Hi NavyMe,
This is a really good and actually quite important question I think. I think that ruptures and how they are handled are a very important part, if not the MOST important part of the healing process.
I was hurt so badly by my relationships when I was young that I essentially spent my life searching for that "perfect" relationship in which the person would love me enough to never hurt me and I would at last feel safe and loved. Problem is there's no such thing as a person who never hurts you. We're all human, and have human failings such as irritability, defensiveness and selfishness that get in the way of us responding well even to people we love deeply and are committed to.
So it was vitally important for me to learn that safety didn't mean never getting hurt, it meant being able to bear the hurt, be honest about it and be met with understanding so that the rupture could be repaired. That having something go wrong does NOT mean the relationship is a bad one or it's time to leave (a favorite reaction and one that quite reasonably drove my husband nuts until I outgrew it in couples' counseling). A committed, loving relationship can weather the storm of failures and hurts. In fact, working through these kinds of disappointments is in fact, what teaches us to trust the relationship.
OTOH, survivors of long term abuse can tend to stay in bad relationships way past the expiration date, trying to save something unworkable, still driven by the fact that when they were a child they had no choice but to MAKE the relationship with their caregivers' work.
So there are a number of skills involved in ruptures. One is to learn to endure them and the pain they bring and learn to heal them. The other is to discern whether the other person is actually acting in good faith to repair them.
I had a lot of ruptures with my T. If he thought he messed up, he was very quick to take responsibility and apologize. If he didn't feel like he did anything wrong (which happened, as sometimes I would get angry about things when he didn't do anything wrong), he would not apologize, but in either case, he would remain non-defensive and very willing to hear all of my feelings. He would work to normalize my feelings even when he didn't feel he had done anything wrong. So what told me I mattered wasn't that he never blew it, or never hurt me, it was that when I was hurt, I was attended to and listened to.
I want to give you two examples of ruptures, one in which he actually messed up, and another in which he didn't to illustrate what I'm saying.
OK, first rupture (and probably our worst). I emailed him and waited three days for a response, getting increasingly agitated. We didn't have a really good track record with email (for a variety of reasons on both sides) but in this particular case, I was pretty angry. I made an emergency call and when he called back, I asked if he had read my email. He said (wait for it) that he couldn't remember. I was so angry and hurt I could hardly breathe. He was being all reassuring and don't worry we can work through this (I usually react very insecurely rather than with anger). I literally just said very vehemently "we'll talk about it on Thursday" (my next appt) and literally hung the phone up without saying goodbye. Then I had my meltdown.

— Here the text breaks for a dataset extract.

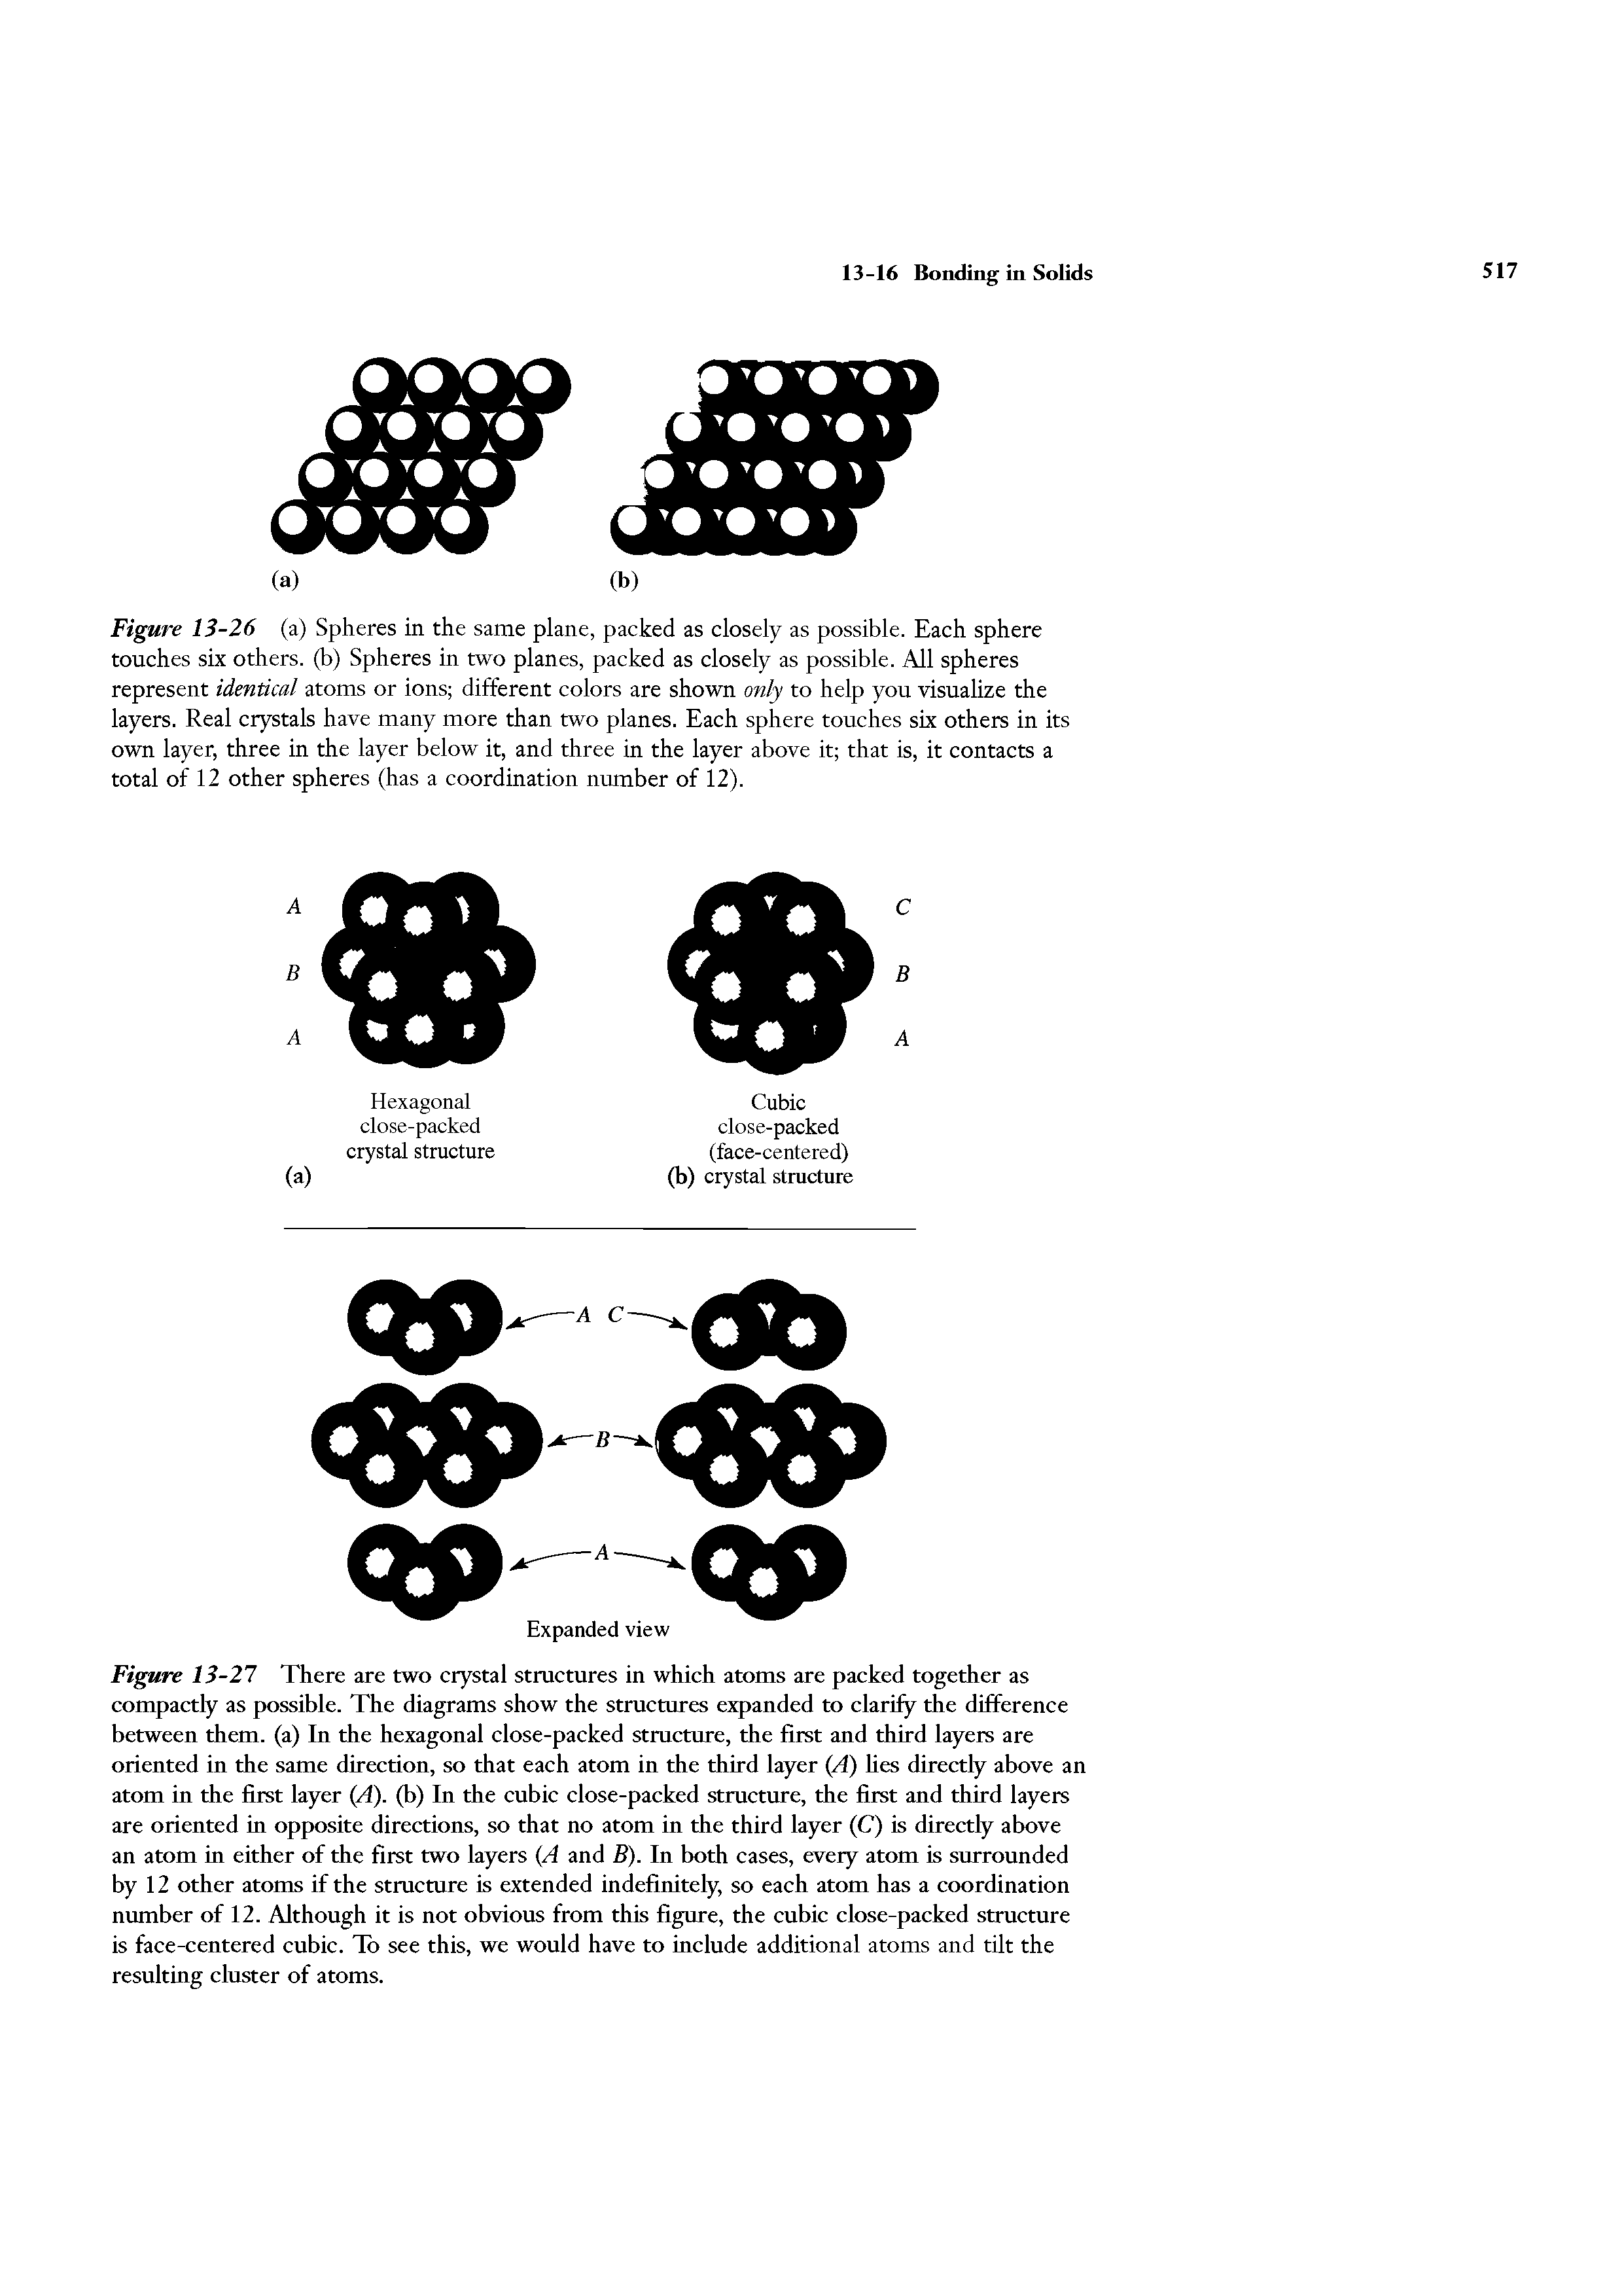 Figure 13-27 There are two crystal structures in which atoms are packed together as compactly as possible. The diagrams show the structures expanded to clarify the difference between them, (a) In the hexagonal close-packed structure, the first and third layers are oriented in the same direction, so that each atom in the third layer (A) Ues directly above an atom in the first layer A), (b) In the cubic close-packed structure, the first and third layers are oriented in opposite directions, so that no atom in the third layer (C) is directly above an atom in either of the first two layers A and B). In both cases, every atom is surrounded by 12 other atoms if the strucmre is extended indefinitely, so each atom has a coordination number of 12. Although it is not obvious from this figure, the cubic close-packed structure is face-centered cubic. To see this, we would have to include additional atoms and tilt the resulting cluster of atoms.

I freaked, totally convinced that I didn't matter, the relationship wasn't real, that there was something wrong with me that people couldn't connect with me. So I made another emergency phone call. My T called back and was wonderful. He apologized for not remembering, that he had really messed up and that he understood why this failure had evoked such an intense reaction because of failures in past relationships. That when he was younger, he would have hedged more, but he knew how important it was that he tell me the truth so that I could trust him. He also reassured me that the relationship was real and the only thing missing was what I had not been given. At my next session, we talked through the whole thing again and he again apologized.
Rupture #2 was about having a regular appointment. I never had a regular appointment with my T (I had with my first T) and it was driving me nuts. I hit a two week break once because he was taking time off and felt he couldn't schedule me the same week we had a couples' appt because he didn't have enough openings. It was a really miserable two weeks. So at my next session, I walked in, sat down and told him it had been a really miserable two weeks, that I was tired of not having a regular appt. That I wanted a regular appointment but I would settle for just knowing I could get in weekly.

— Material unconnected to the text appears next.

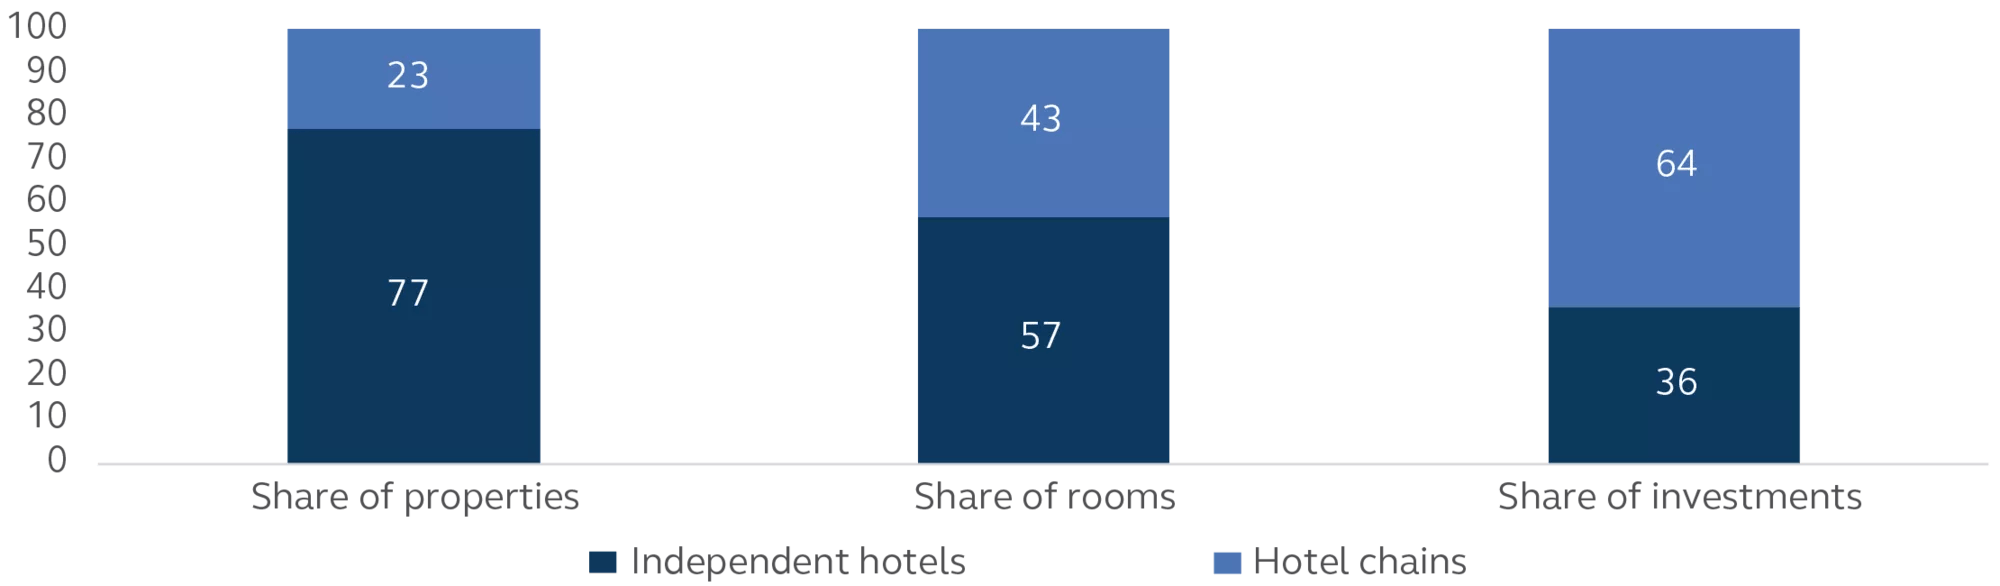 European hotel market share broken out by share of properties, share of rooms, and share of investments.

He was very welcoming of my feelings and expressed understanding of how I felt that way. But he also told me that he knew himself well enough to know that he couldn't work using regular appointments and he was not going to promise me something he knew himself incapable of doing. That I was always welcome to ask for an appt when I wanted but he couldn't guarentee one would be available. That part of the reason he allowed 24/7 access through email and phone was because he knew there would be times where I would need to contact him but wouldn't be able to come in. But he didn't apologize because he wasn't doing anything wrong, he was setting a boundary.
Then we talked about how my wanting a regular appt was about me wanting "my" space where I was safe and I would not have to ask for what I needed (I HATED asking for what I needed, it was a big part of our email problems.)
In the end, I had to decide whether I could work with him knowing his boundary about regular appts. I decided to stick with him (glad I did
).
Something really good came out of this. Actually a number of things. I found out I couldn't push my T around, that he was capable of saying no to me when he needed to, which made me feel much safer with him. It also taught me that he would say no to me, which meant that when he said "yes" he meant it and it was a free choice on his part.
So I would encourage you when a rupture occurs, to face it directly and bring up your feelings in session. A lot of good work gets done in working through ruptures.
And if you get a lot of denial or defensivenss or an inability to hear your feelings, then these are red flags to look at about the relationship with your T.